Provided material:
○ ○ ○ ○
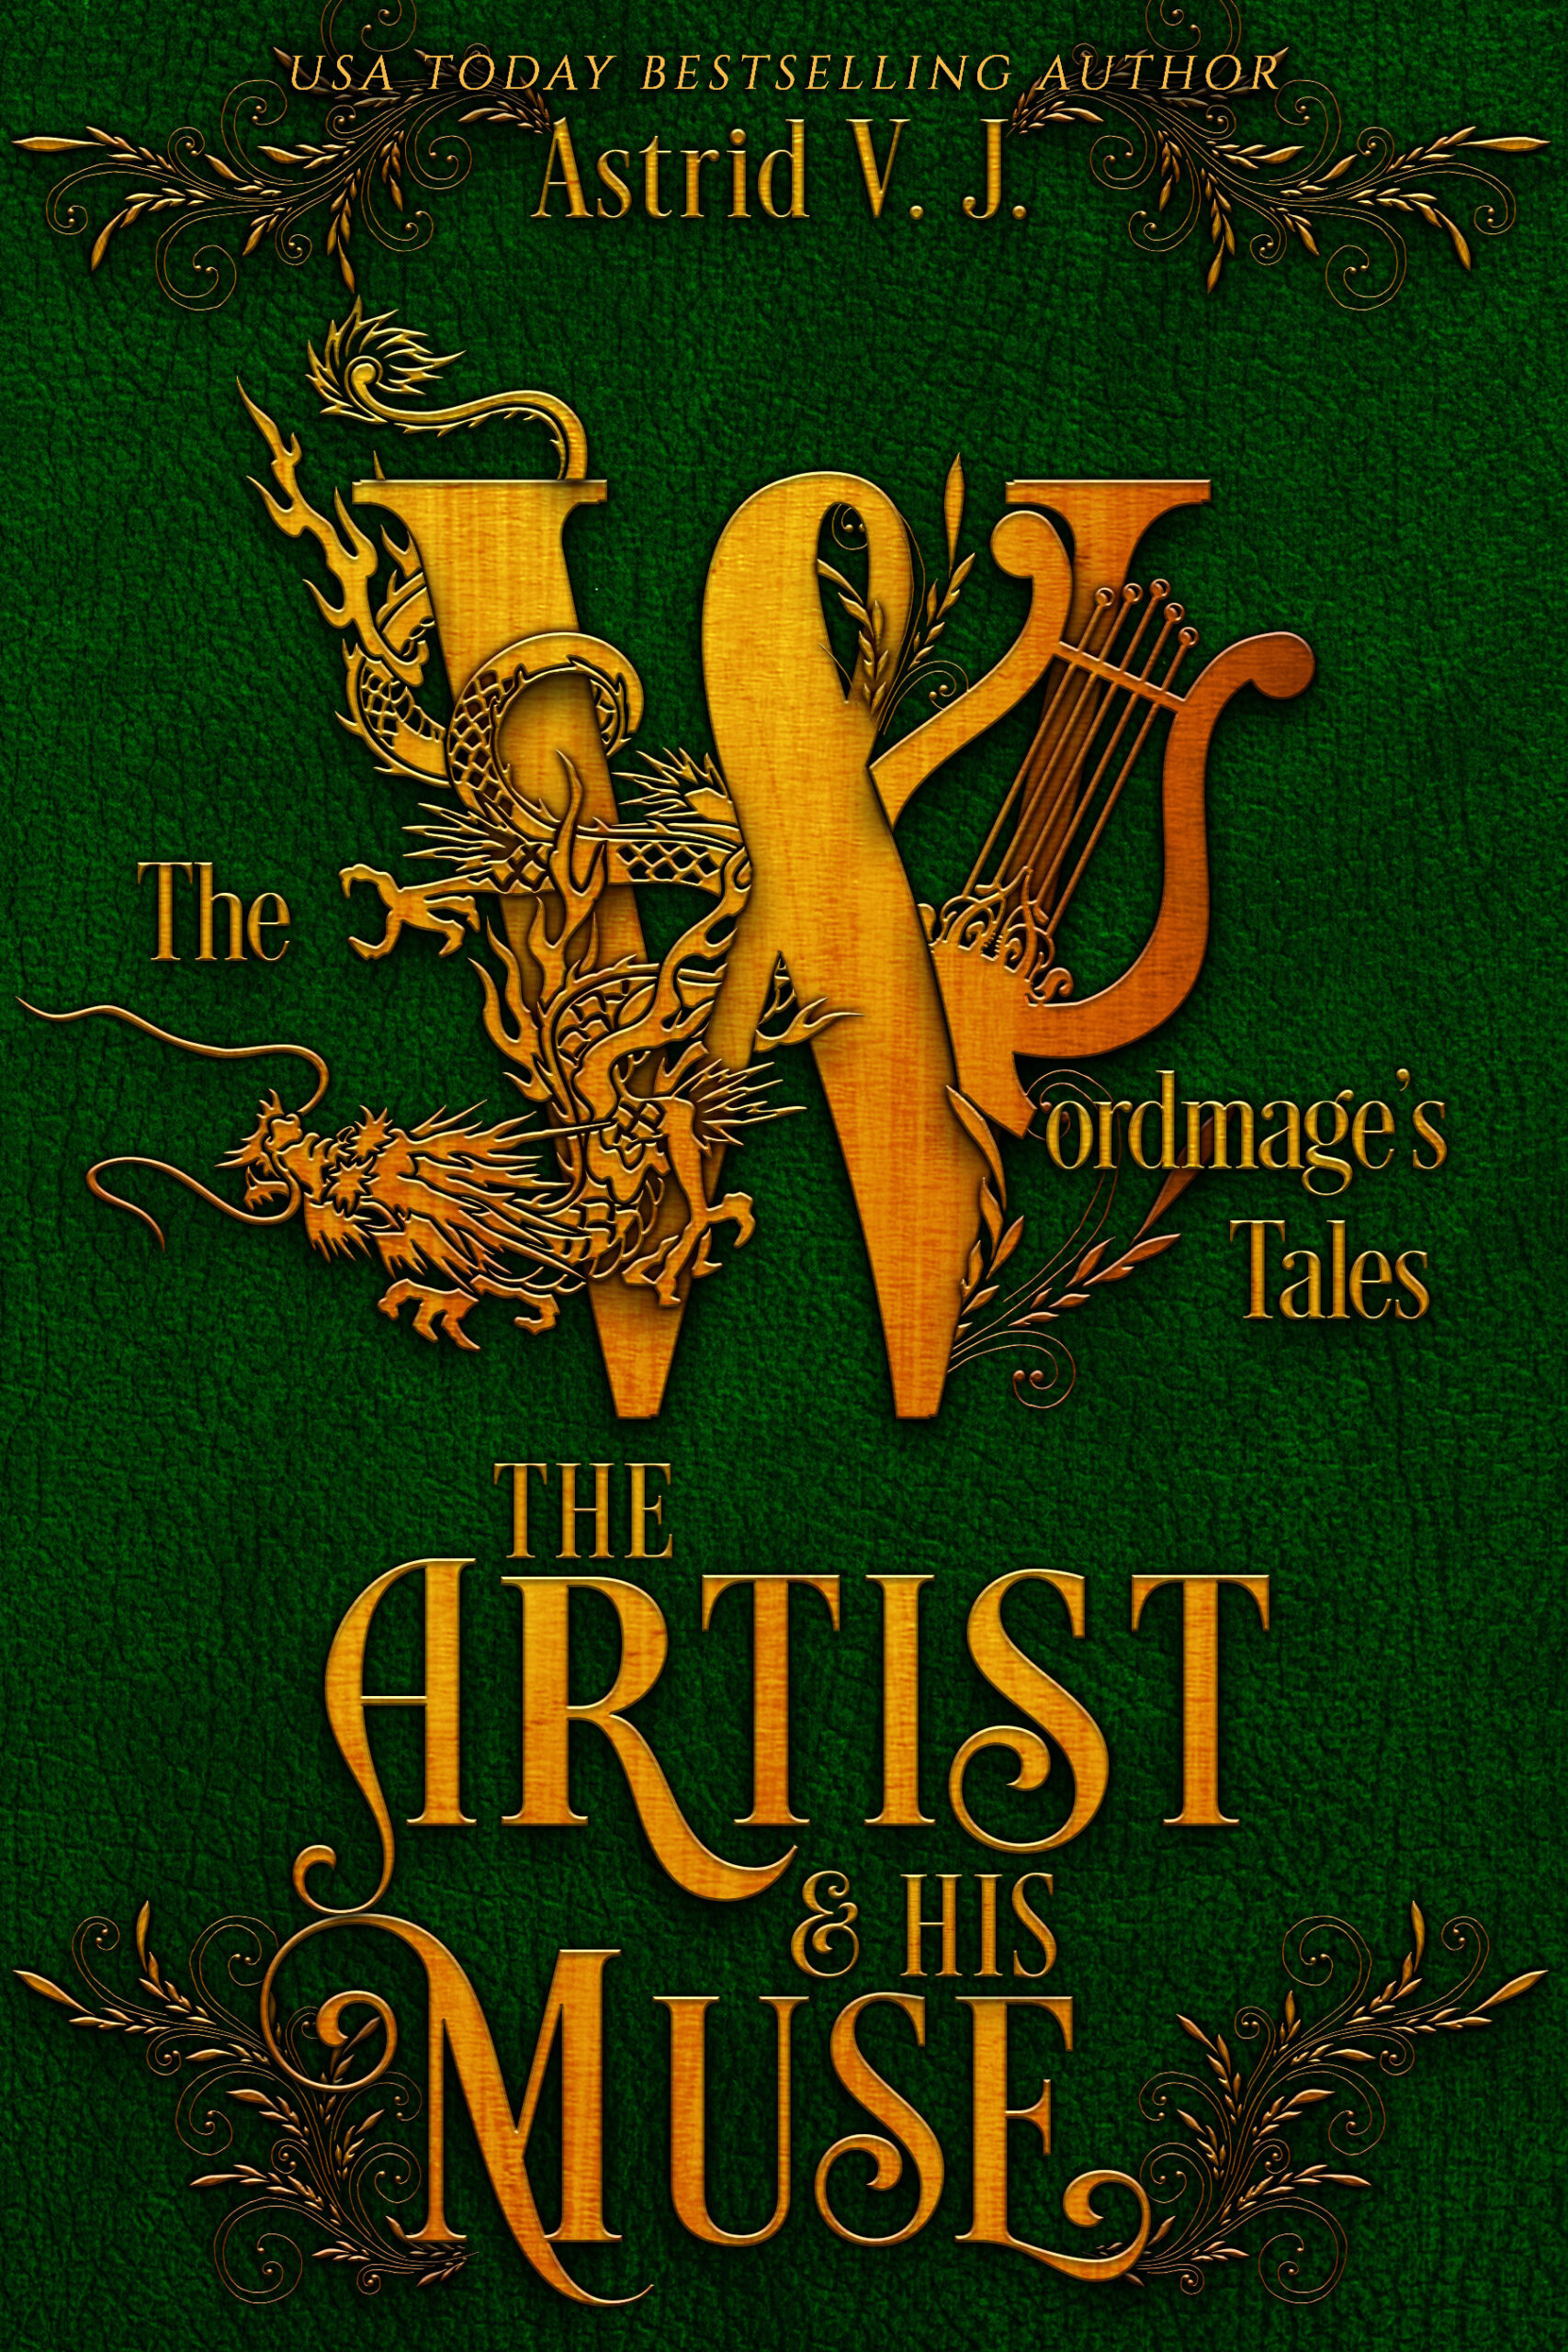 FREE: The Artist and His Muse by Astrid V.J.
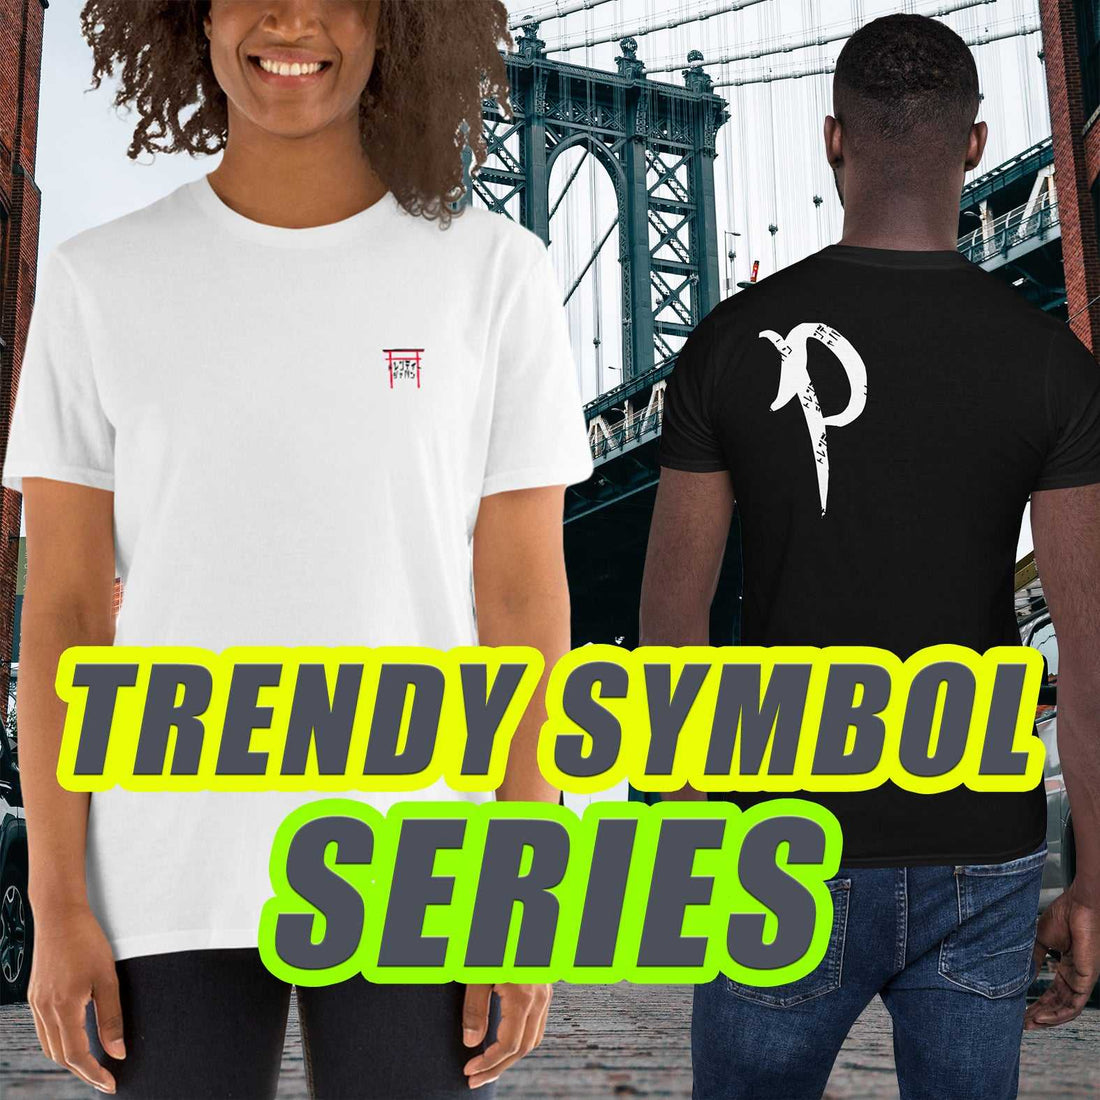 Products redesigned by August 25th | Online Clothing Shop
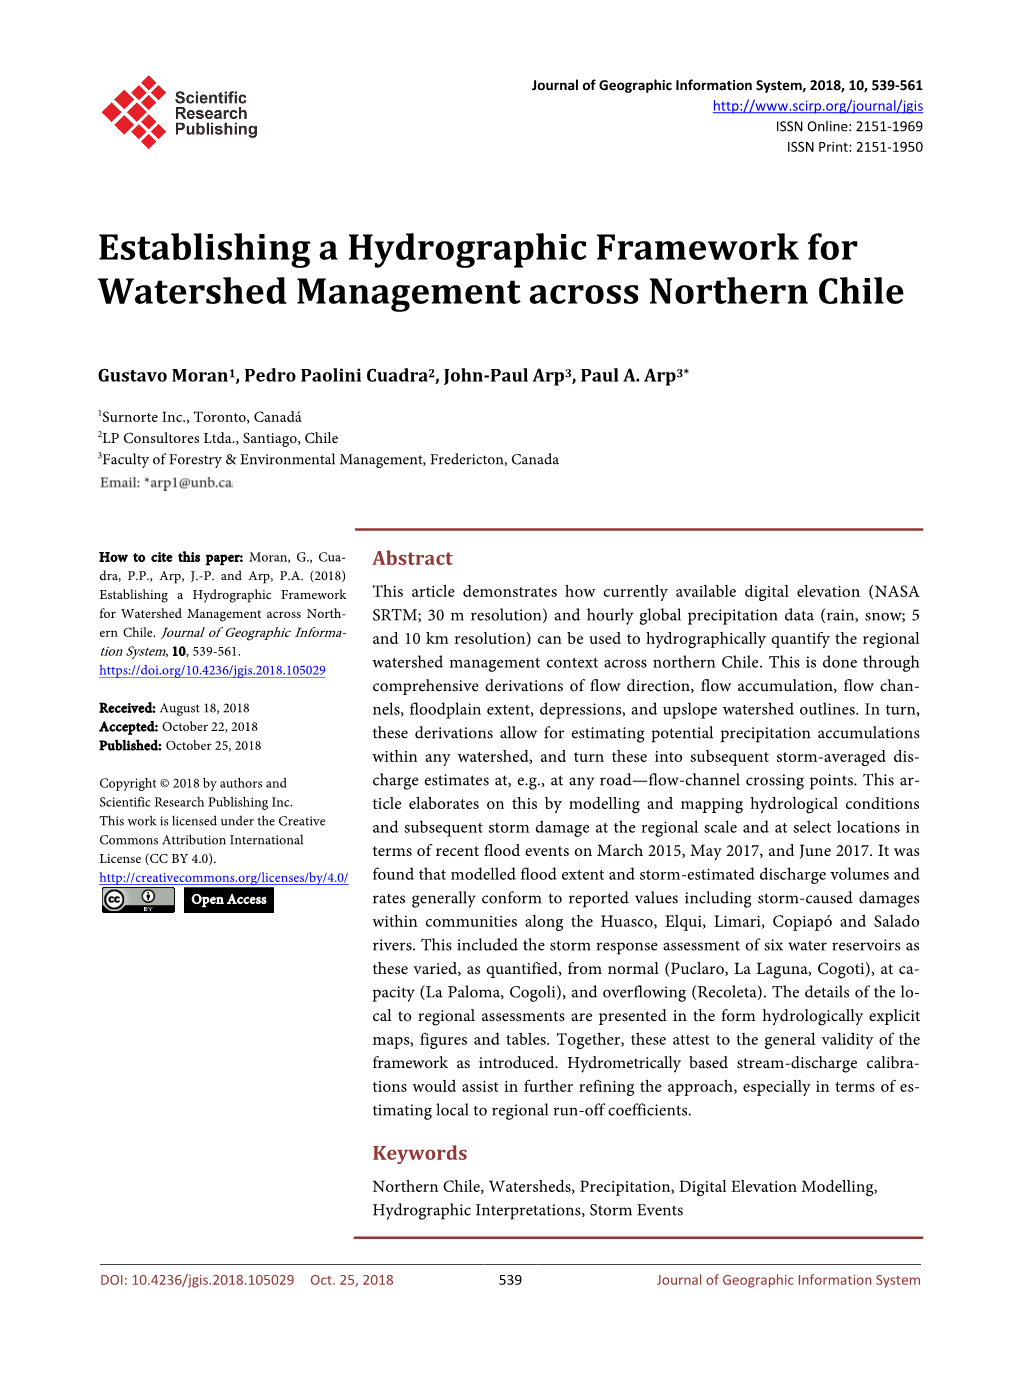 Establishing a Hydrographic Framework for Watershed Management Across Northern Chile
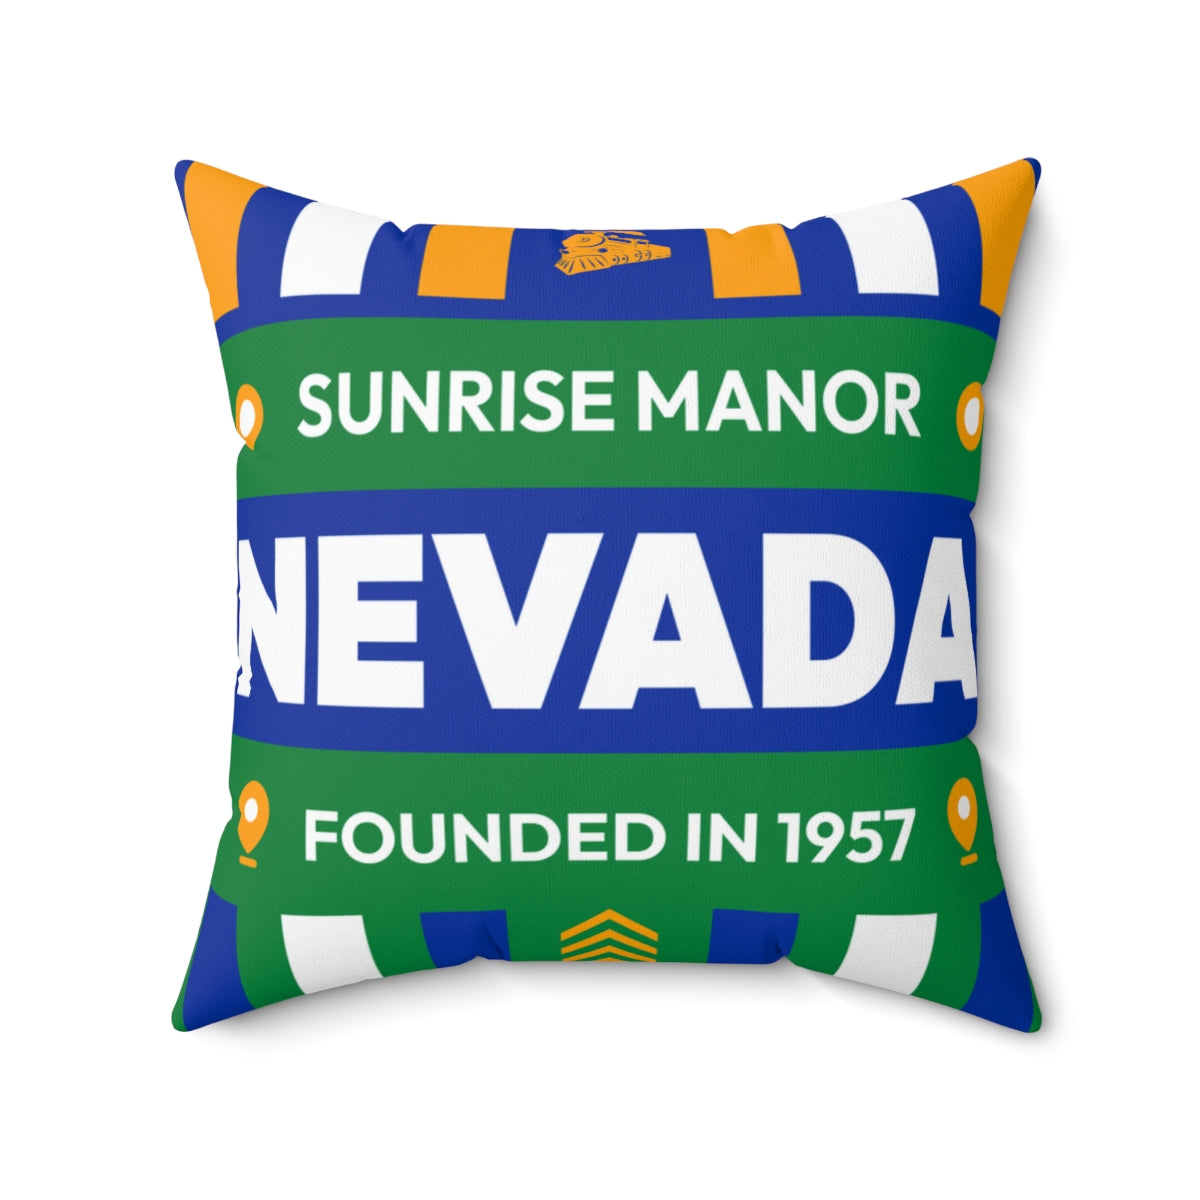 20"x20" pillow design for Sunrise Manor, Nevada Top view.
○ ○ ○ ○
Instructions to follow:
In the listing, find the line containing "Products redesigned by" and repeat it and every later line through the last one, word for word, excluding the pictures.

Solved problem:
 Products redesigned by August 25th | Online Clothing Shop
 Establishing a Hydrographic Framework for Watershed Management Across Northern Chile
 20"x20" pillow design for Sunrise Manor, Nevada Top view.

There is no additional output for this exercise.